S: 1,0.3,0.22,0.12,0.06 N: 7,201,478,2595,17950 (no idea how to put this in a tally)
I've got a question here where S is not shrunk by the same fraction throughout, I know how to work out the dimension Fractal when the Shrink is continuous E.G 1/3 each time but not when it's shrunk different each time. Can anyone help?
thanks
In the definition of box-counting dimension, the dimension $d$ is given by $$d = \lim_{\varepsilon \rightarrow 0} \frac{\log N(\varepsilon)}{\log 1/\varepsilon},$$ where $N(\varepsilon)$ is the smallest number of sets of diameter $\varepsilon$ required to cover the set. In numerical applications, $N(\varepsilon)$ is often estimated using any of a number of equivalent formulations. It sounds like your assignment presents the following estimates:
\begin{align} N(1) &= 7 \\ N(0.3) &= 201 \\ N(0.22) &= 478 \\ N(0.12) &= 2595 \\ N(0.06) &= 17950 \end{align}
It might be tempting to simply use the smallest given value of $\varepsilon$ to conclude that your dimension is best approximated by $$\frac{\log(17950)}{\log(1/0.06)} \approx 3.48.$$ One problem with this is that we would typically like to take this sparse data, given over a broad range of $\varepsilon$ values and extrapolate a limit. In this example, if we compute $\log(N(\varepsilon))/\log(1/\varepsilon))$ for the other given values of $\varepsilon$, we see that the computations are decreasing sharply.
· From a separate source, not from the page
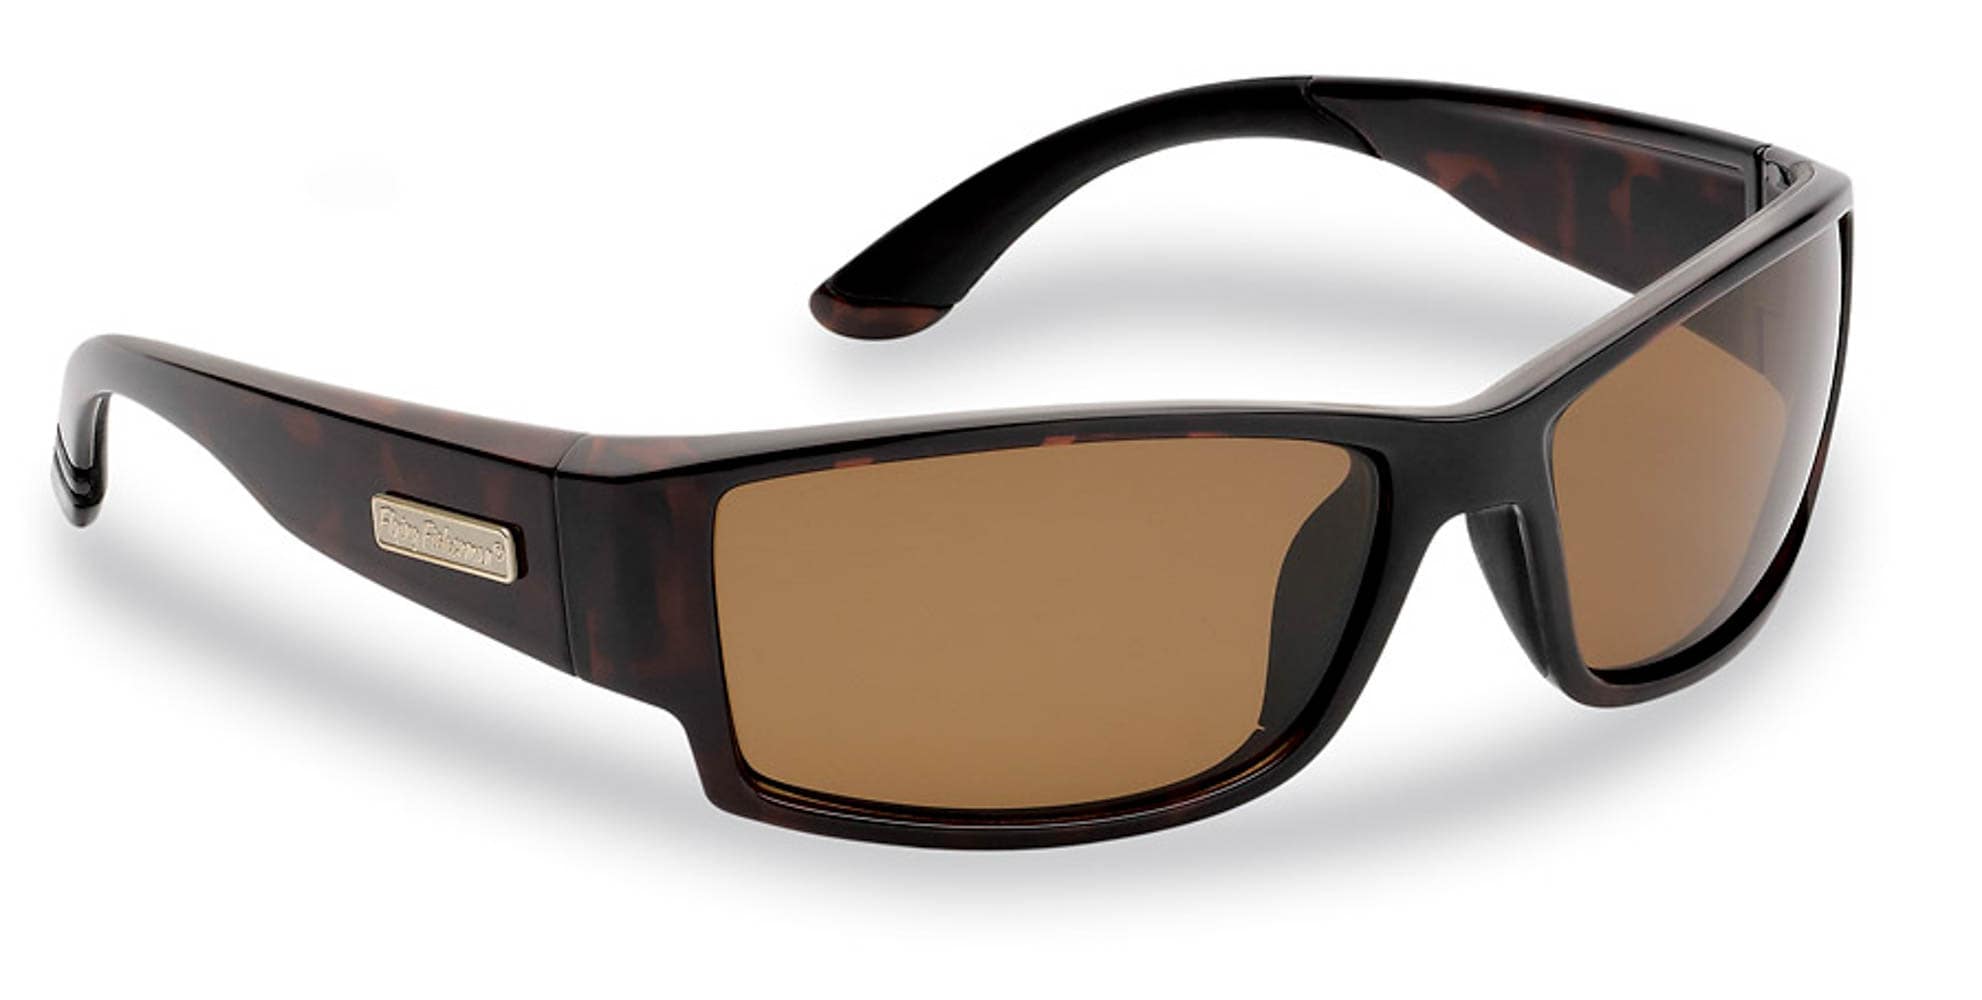 Hillman Men's Polarized Black Plastic Sunglasses | 1HE86913

Thus, the usual approach is to plot $\log(N(\varepsilon))$ versus $\log(1/\varepsilon)$ like so:
Thus, the $x$ coordinates are \begin{align} \log(1) &= 0 \\ \log(1/0.3) &\approx 1.2 \\ \log(1/0.22) &\approx 1.5 \\ \log(1/0.12) &\approx 2.1 \\ \log(1/0.06) &\approx 2.8 \end{align} The $y$ coordinates are $\log(N(1)), \log(N(0.3)),\ldots,\log(N(0.06))$. The line is a least squares fit to this data. The ridiculously good fit suggests that the problem has been manufactured. Since we're interested in how $\log(N(\varepsilon))$ changes in response to a change of $\log(1/\varepsilon)$, the slope of that line represents the fractal dimension. Any number of techniques can be used to compute the least squares fit to be $y\approx 1.945 + 2.79 x$.